On the charred field, clouds of crows arrived looking for leftovers. The field was littered with debris, a scorched battleground scattered with bits of wood and bones, as after an explosion.

. . . . . What happened here? I asked. Who died?

. . . . . Was it my father before he was my father?

The crows didn’t answer. They stared at me, preening their suits and silk black ties.

 

I stopped trying to understand why it snowed every time I thought of you. Dressed in our best clothes, we were stuck for hours on a train in the middle of the snowed-in field. We played charades with the shapes of the wind.

At noon, we caught a bus that only got us as far as the road was plowed. We walked in our long coats and fur hats, a snowman and a snowwoman. When we got tired, we sat on the side of the road and ate frozen sandwiches. Your hand was hot in mine.
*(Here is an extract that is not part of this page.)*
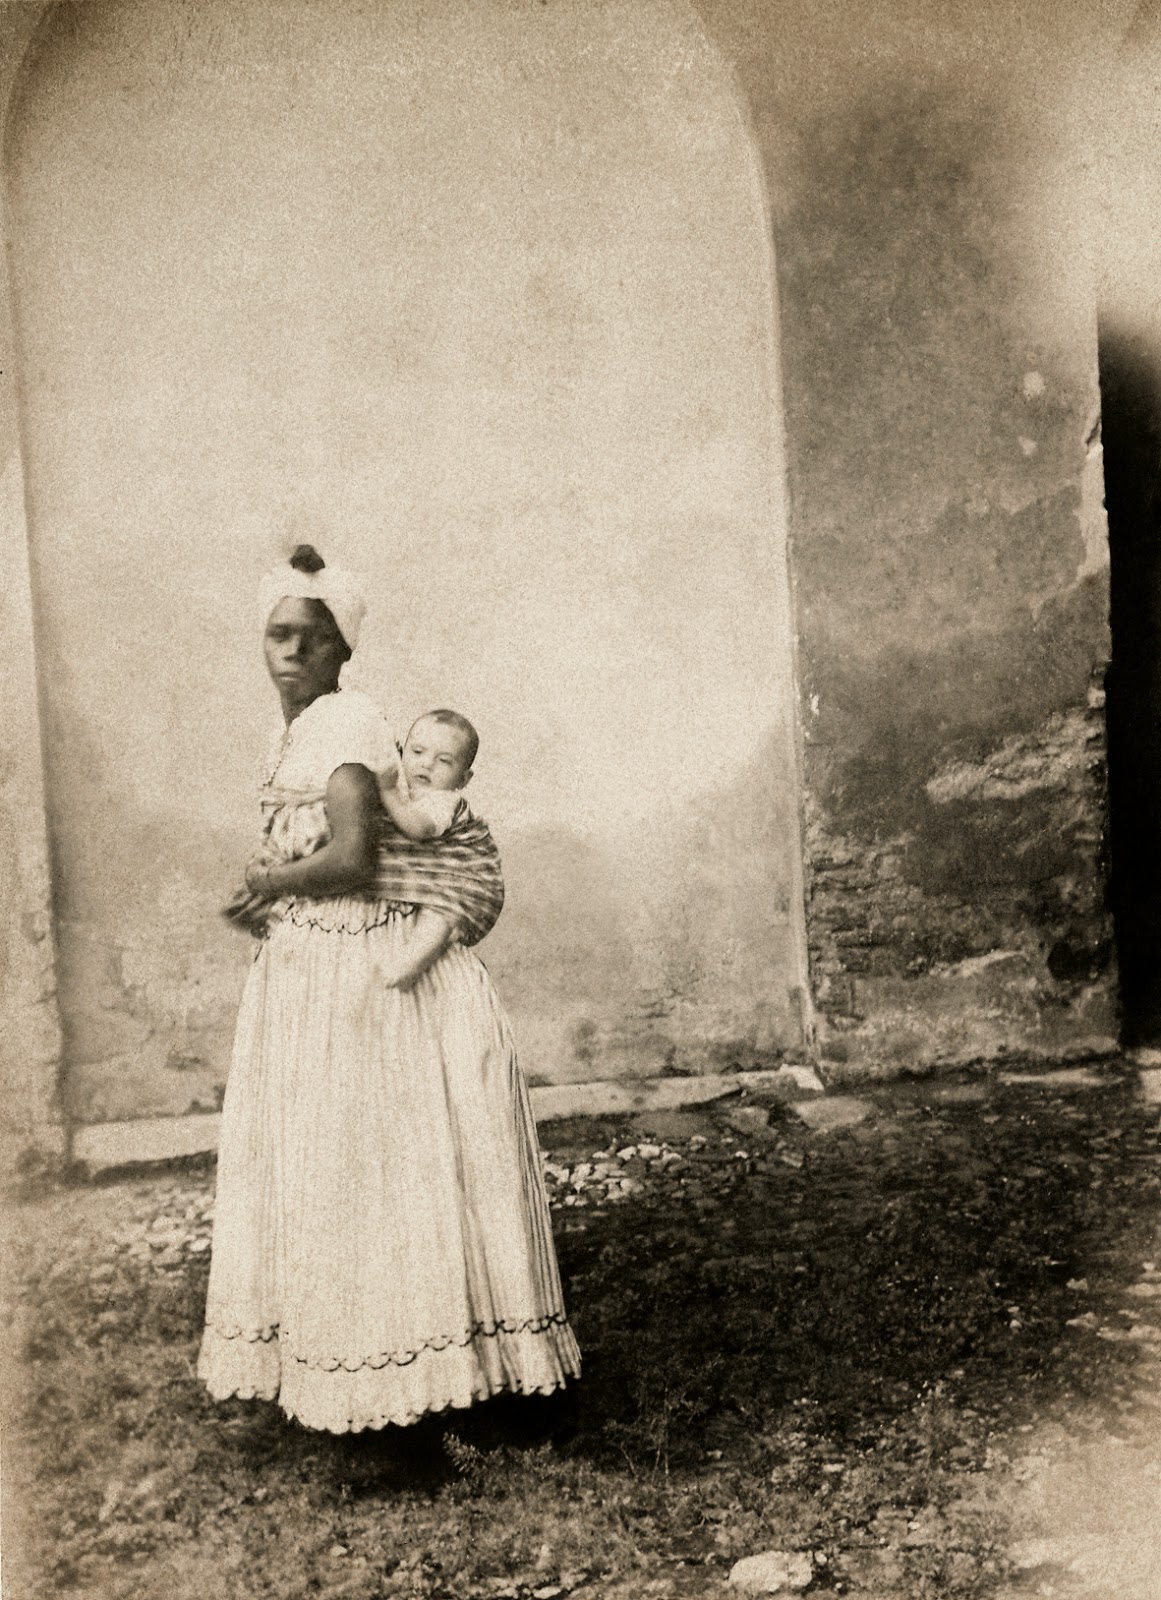 Negra com uma criança branca nas costas, Bahia, 1870. (Acervo Instituto Moreira Salles).

Later, we were picked up and traveled on top of a horse-drawn wagon full of corn stalks, then in the back of a car that delivered fresh bread. I had a long blizzard veil; you had a white carnation boutonnière. The weatherman said, You may kiss the bride.

 

For years I walked with my elephant through the desert. He was very quiet and soft. He listened to everything I said, looking at me with his black button eyes. I tied him with a string and pulled him through endless mountains and valleys. We slept in caves under the sky full of windblown bed sheets.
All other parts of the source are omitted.